We explore adjacency sampling constructions in full generality in the case k=3, with given overlapping sets of adjacencies in the three genomes, where all adjacencies in two-way or three-way overlaps are included in the sample. We require the construction to be maximal, in the sense that no additional proportion of adjacencies from any of the genomes may be added without violating the local linearity of the genome. We discover that in incorporating as many adjacencies as possible, evenly from all the input genomes, we are actually maximizing, rather than minimizing, the sum of distances over all other maximal sampling schemes.

Conclusions

We propose to explore compromise instead of parsimony as the organizing principle for the small phylogeny problem.

Background

In comparative genomics, a median genome m for a set of k≥3 given genomes g 1,…,g k in a metric space (G,d) minimizes

$$ S(m)=\sum_{i=1}^{k} d(m,g_{i}) $$
(1)

over all mG [1]. This is meant to embody a compromise among the given genomes, usually as an inference of a common ancestor.

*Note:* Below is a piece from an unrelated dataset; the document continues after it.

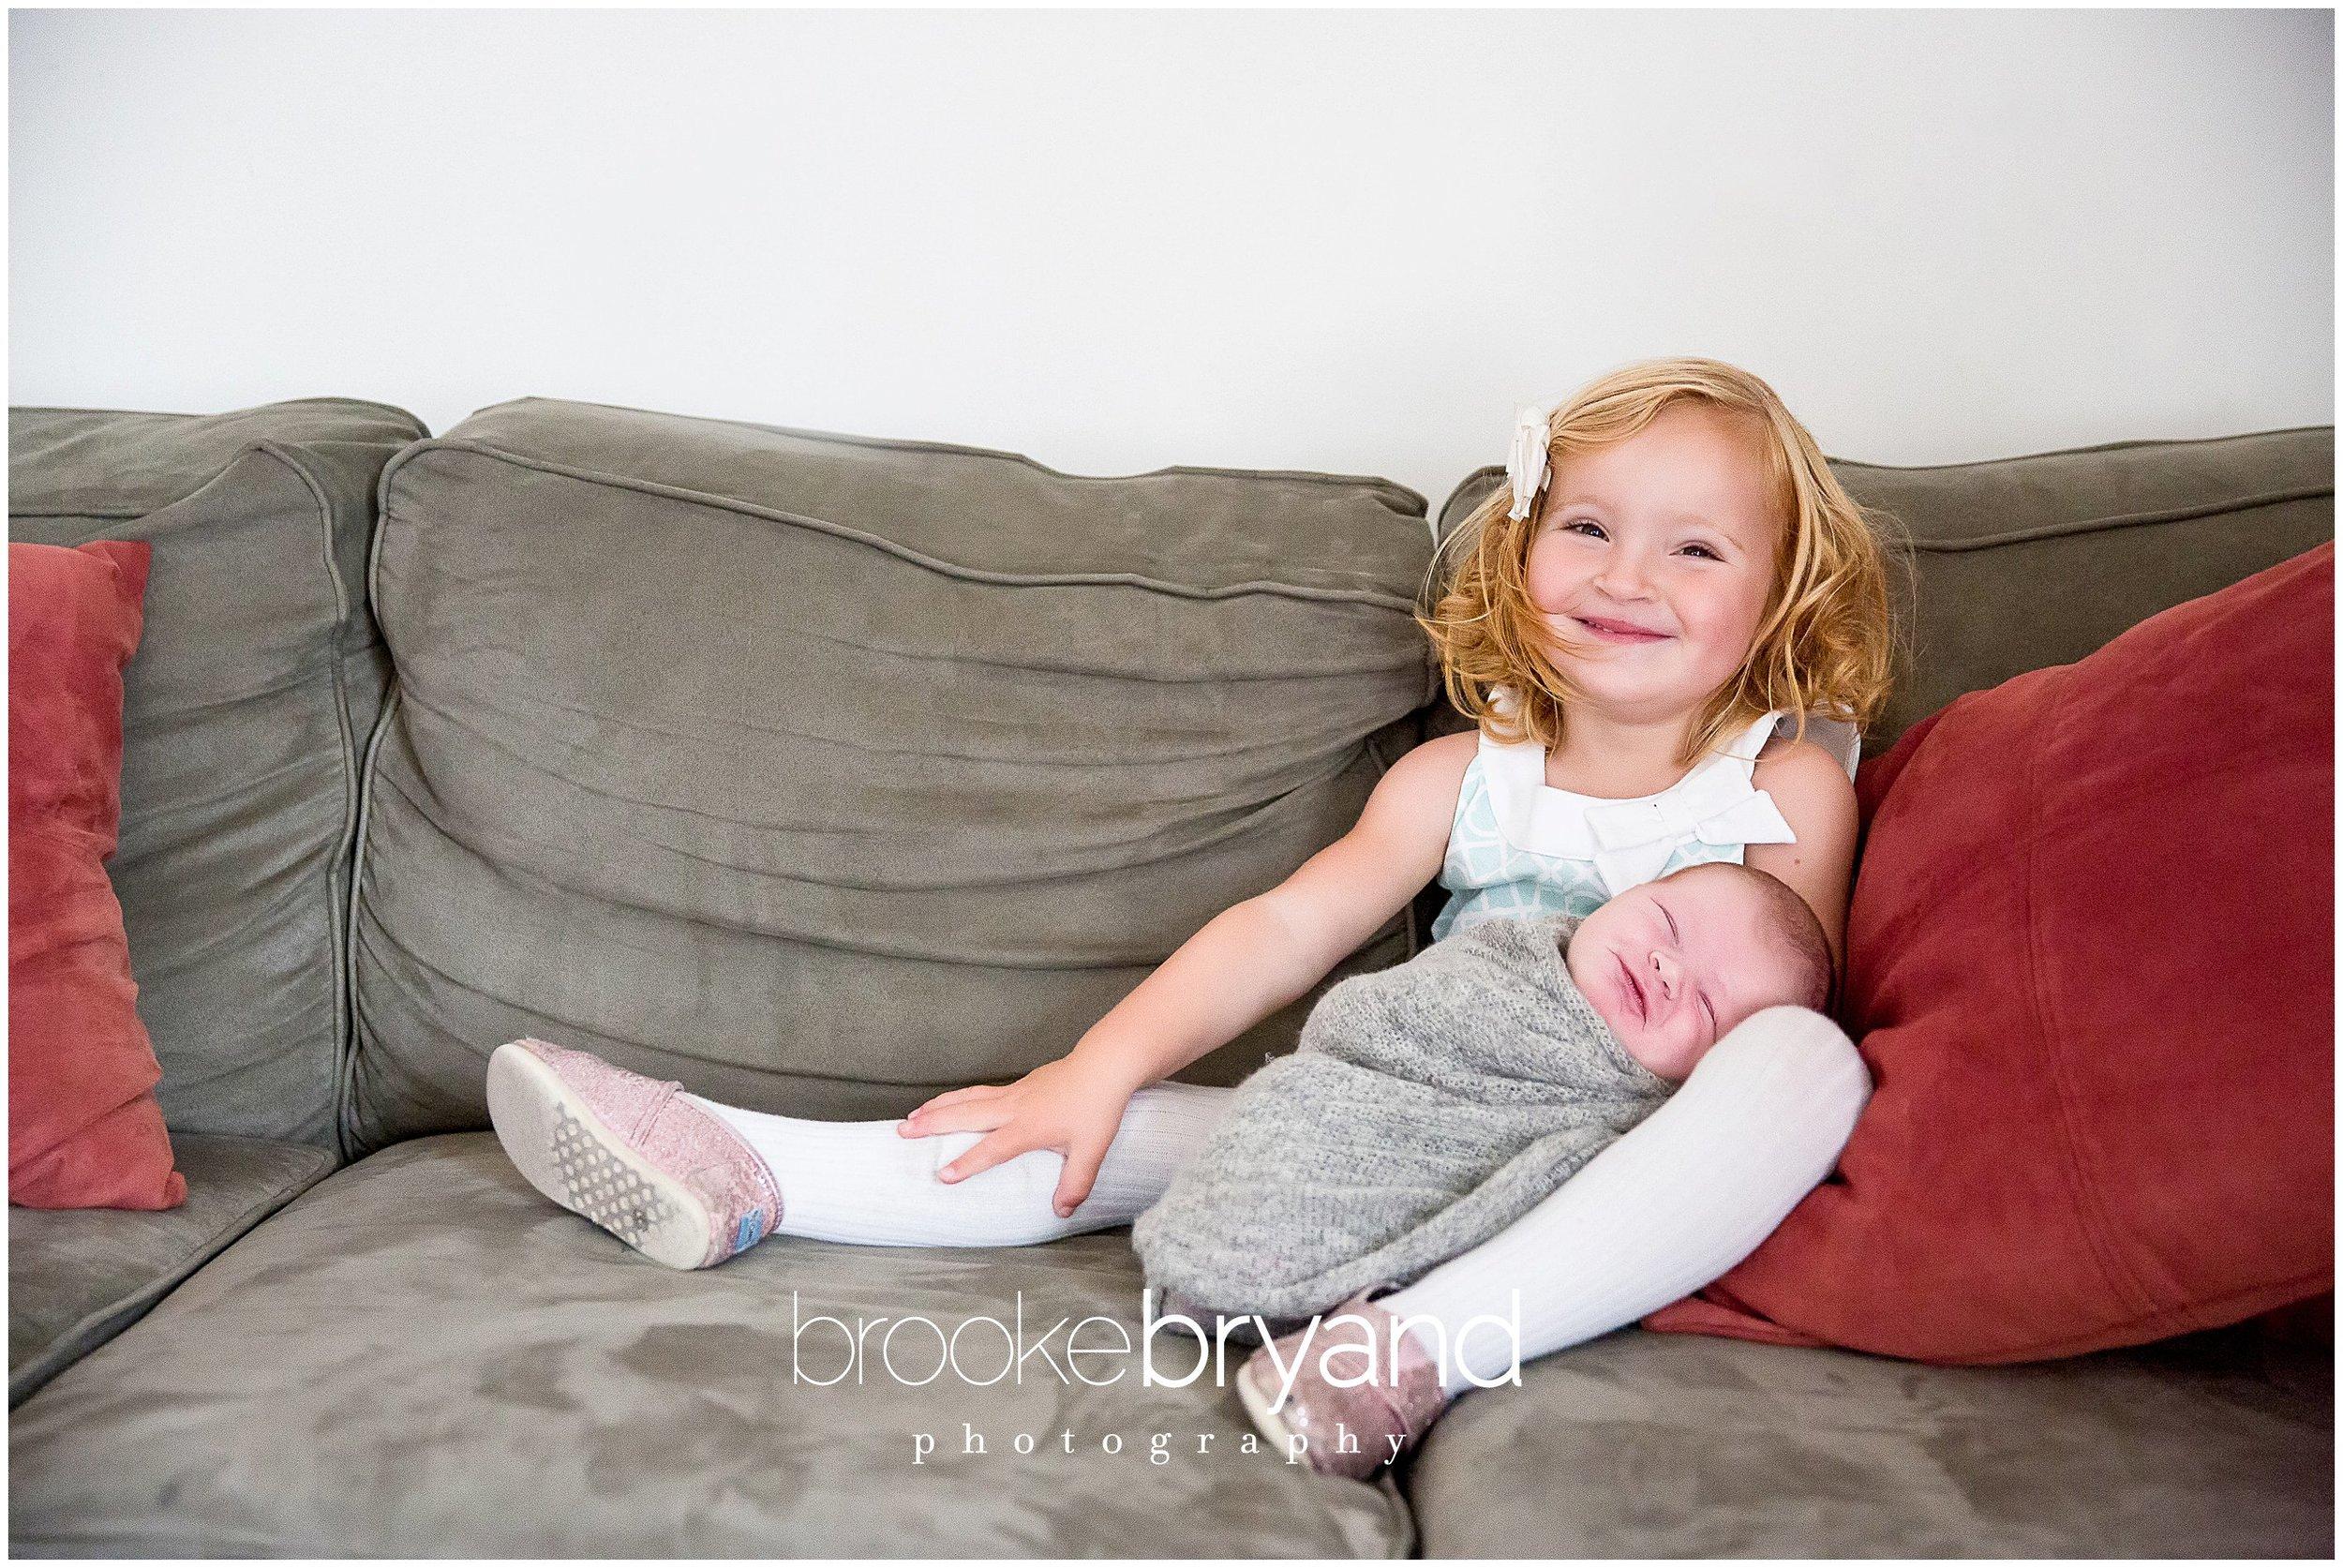 08.2014-Devlin-BBP_3887_retouch1_San-Francisco-Family-Photos-Brooke-Bryand-Photography.jpg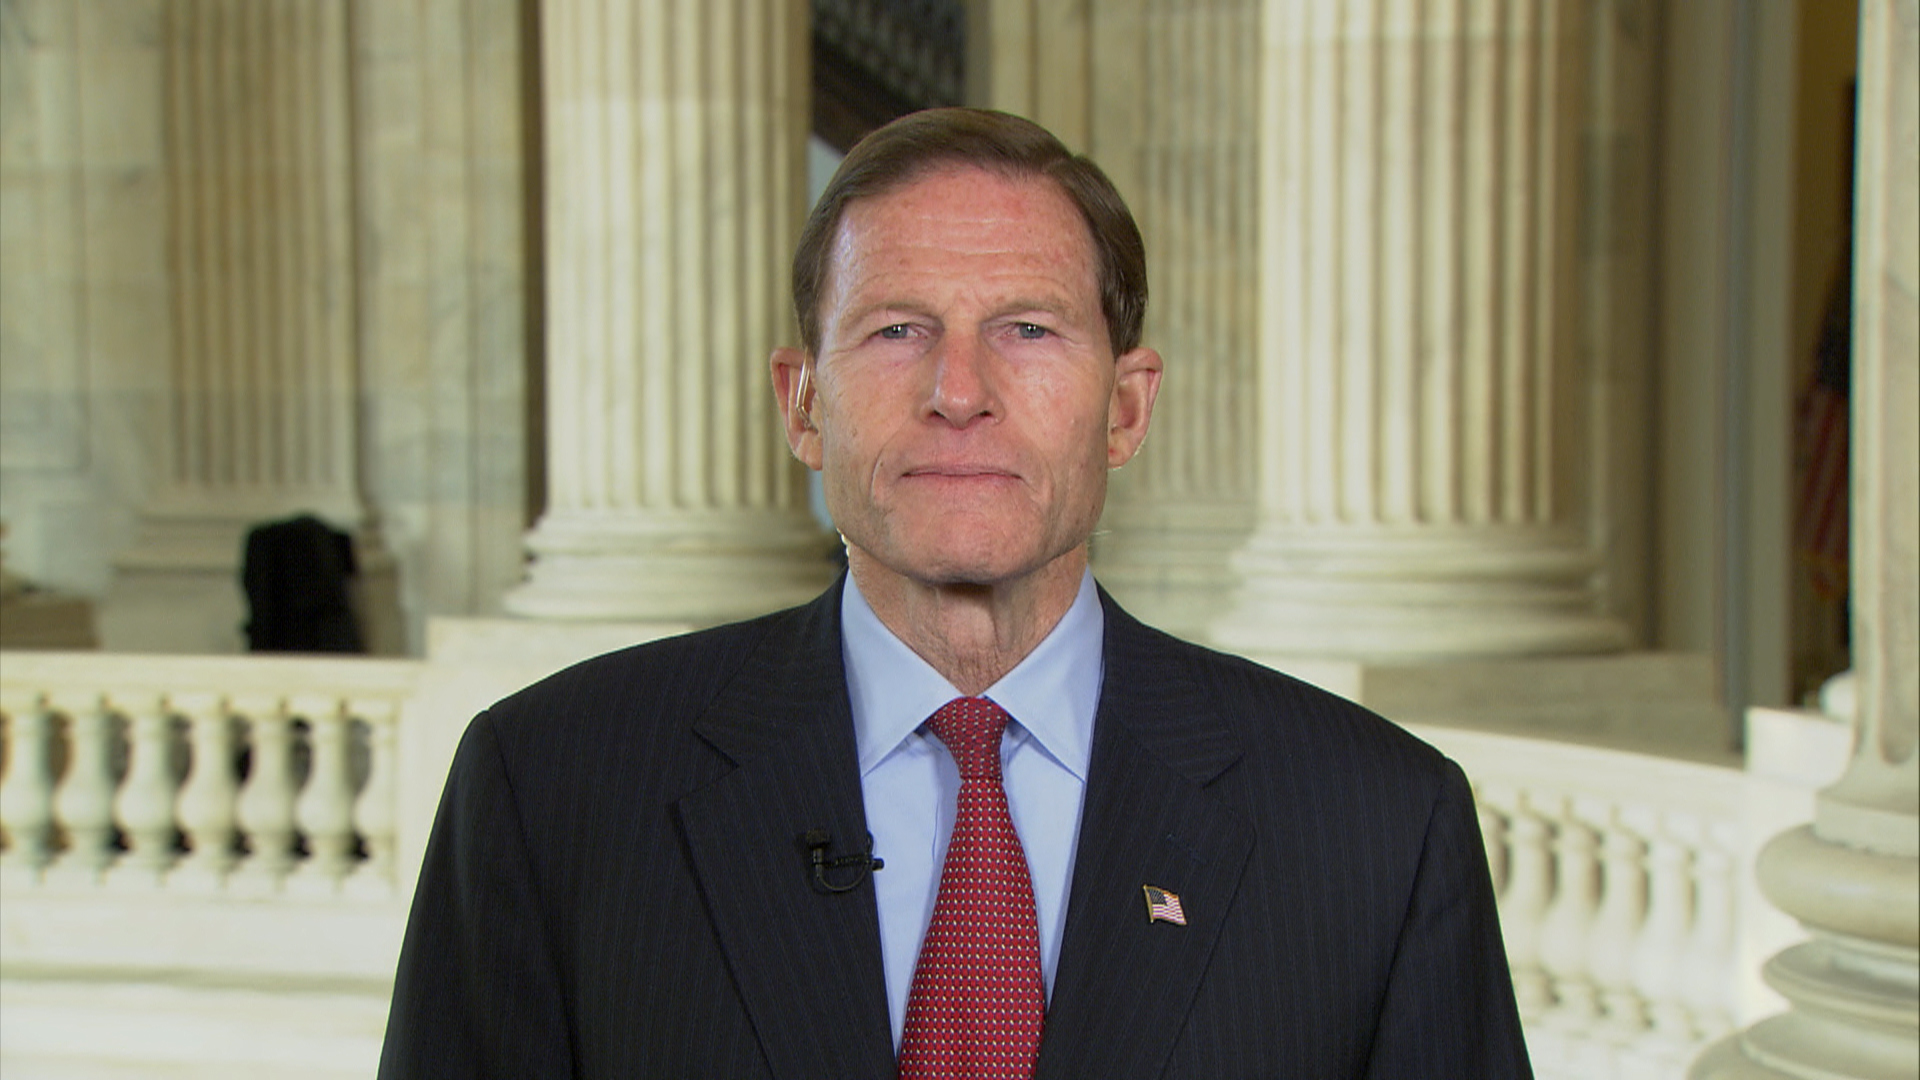 Senator 'inspired by strength' of Newtown

While the simplicity of the median concept is appealing, and it has stimulated a large literature [2], it suffers from important shortcomings: it is hard to calculate [35] for almost all (G,d), and is not a compromise in the most important contexts. For example, for k≥3 random signed permutations of length n, and for d the “breakpoint distance”, the median tends to one or more of the given permutations as n increases [68].

The “near median” was proposed to get around these difficulties [9]. For k random genomes, the same proportion of gene adjacencies is sampled from each one, in such a way that the union of the samples is compatible – an “end” of a gene is adjacent to no more than one other gene end. The proportion of the compromise genome remaining to be constructed can be filled by any matching of the unassembled gene ends, as in Fig. 1.

Fig. 1
figure 1

a First sampling of θ n adjacencies from each of three genomes. b Supplementary sampling of residual adjacencies consisting of two free ends

If comparable proportions of the constructed genome are contributed by each of the k genomes, the spirit of compromise is ensured. The sampling is rapidly carried out.

In the original paper [9], only the following, highly symmetrical cases were studied for k=3: three purely random genomes, three genomes all with common adjacencies forming a proportion ψ of their adjacencies, and three genomes all with a proportion ψ of common adjacencies and additional proportions ω 1,2,ω 1,3,ω 2,3 of adjacencies in their pairwise intersections. We only investigated the maximum θ such that the same proportion θ could be sampled from the three input genomes.

In the present paper we extend our analysis to examine the entire set of compatible triples (θ 1,θ 2,θ 3).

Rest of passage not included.